Principal Component Analysis (PCA) on Convolutional Neural Network (CNN) Features

Question

Please, I have a question regarding PCA and features which are extracted from a convolutional layer based on Faster R-CNN features for Instance Search

if we have a test dataset , and we extract all conv features of all images at test dataset called feat. Then we do the following normalization and PCA to all conv features

feats = normalize(feats)
pca = PCA(512 ,whiten=True)
pca.fit(feats)

And then use PCA model for test dataset

# PCA MODEL - use paris for oxford data and vice versa
self.pca = pickle.load(open('_oxford.pkl', 'rb'))

And then applying PCA on the test dataset using the previous pca

print "Applying PCA"
self.db_feats = normalize(self.db_feats)
if self.pooling is 'sum':
self.db_feats = self.pca.transform(self.db_feats)
self.db_feats = normalize(self.db_feats)

What is the idea of using PCA model of another dataset to transform the features of test dataset?

Answer 1

It does appear that the (re)ranking code is using the wrong dataset, i.e. the Oxford model with the Paris images. This question was raised in the following github issue: wrong dataset name #6.

However, the explanation given by the authors is that this is a convention in the literature and they do this to be able to measure their results against prior art.

We basically decided to do this to be consistent with other works in the literature in which PCA was also trained on Oxford and tested on Paris and viceversa. This is explained in the paper. You can find the references there.

I also think that by training on one model (Oxford) and tested on another (Paris) they can get another sense of how their models generalize.

Answer 2

I'm not into details of this specific case but I can see some logic.

A convolution layer can be reformulated as a Matrix Multiplication:

$$ y = W x $$

Let's say we trained on Data Set $ {x}^{1} $ which is big and general.
Namely we expect the trained weights $ {W}^{1} $ to be good enough for almost any other data set.

Let's assume we have another data set $ {x}_{2} $ with its matching weights $ {W}^{2} $.
By our assumption about how good $ {x}^{1} $ generalizes it means $ {W}^{1} \sim {W}^{2} $ with regard to some metric.

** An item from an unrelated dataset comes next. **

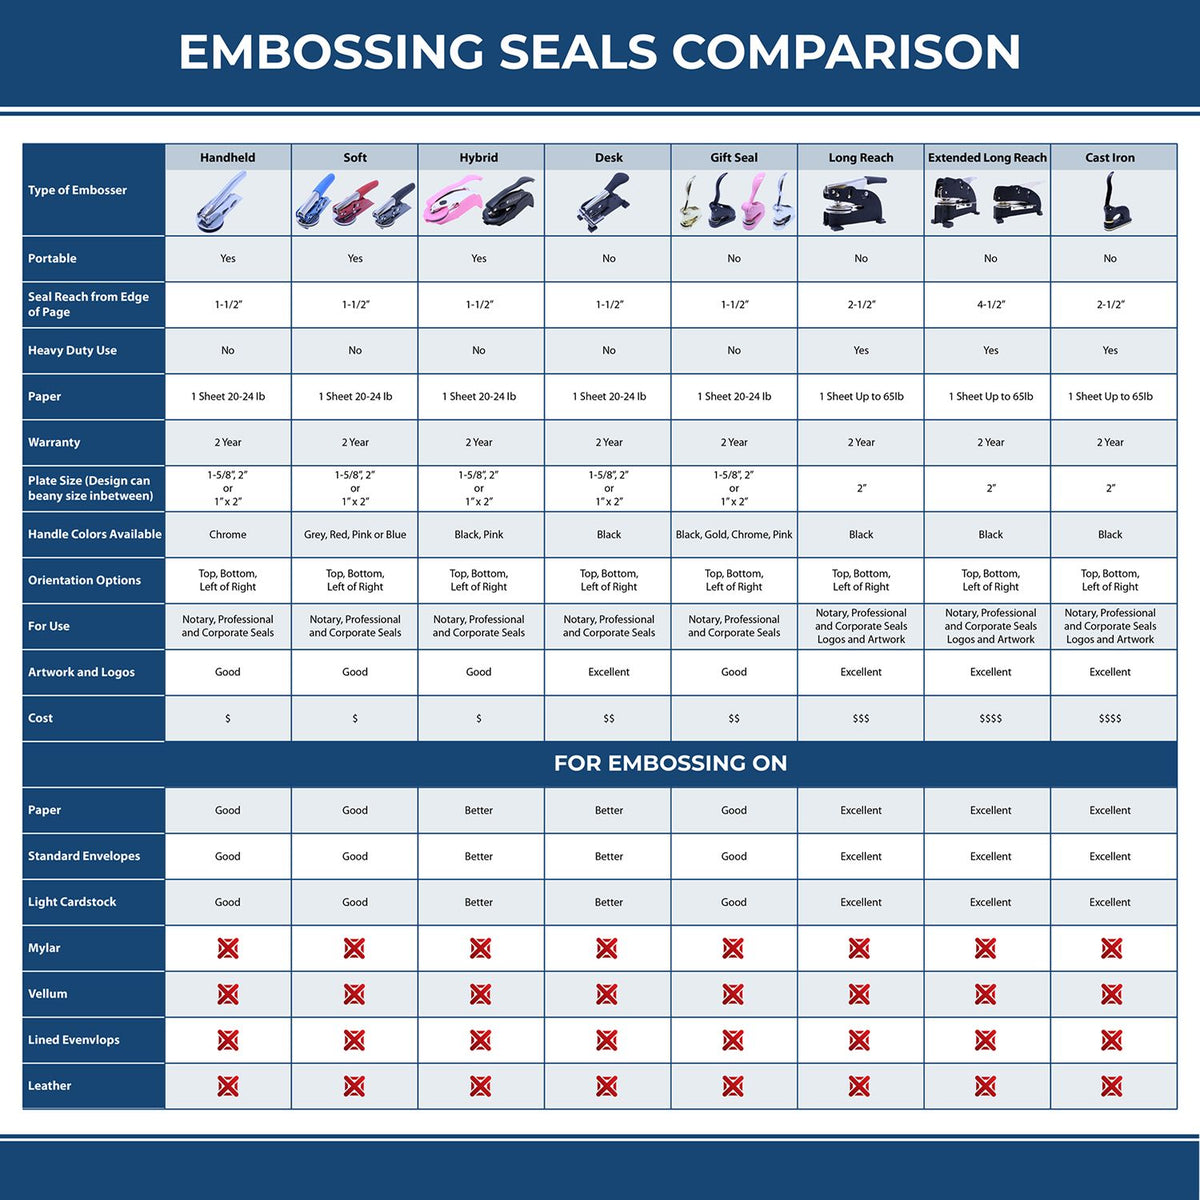 A comparison chart for the different types of mount models available for the Gift Alabama Architect Seal

If this metric is the Frobenious Norm / Matrix Induced $ {L}_{2} $ Norm then using PCA (Which is basically SVD) makes sense as using the PCA we take the component of $ {W}^{1} $ which generalizes the most and use it for other case.

Answer 3

We are applying something similar like so:

• A CNN is trained on a particular image dataset.
• PCA (or some other transform) is performed on the feature vectors to obtain the main axes of variation.
• The images are inspected to see what the variations actually correspond to.
• Features are calculated using the same network on a much much larger dataset.
• The features are then transformed to principal components and statistics calculated.

A lot of our much larger datasets a time series, so we can graph the change in one principal component over time etc. Work still in progress so no comment yet about how worthwhile it is.

Another thing is that I find most of the feature vector values are close to zero. If nothing else, PCA can reduce the size of the feature vector.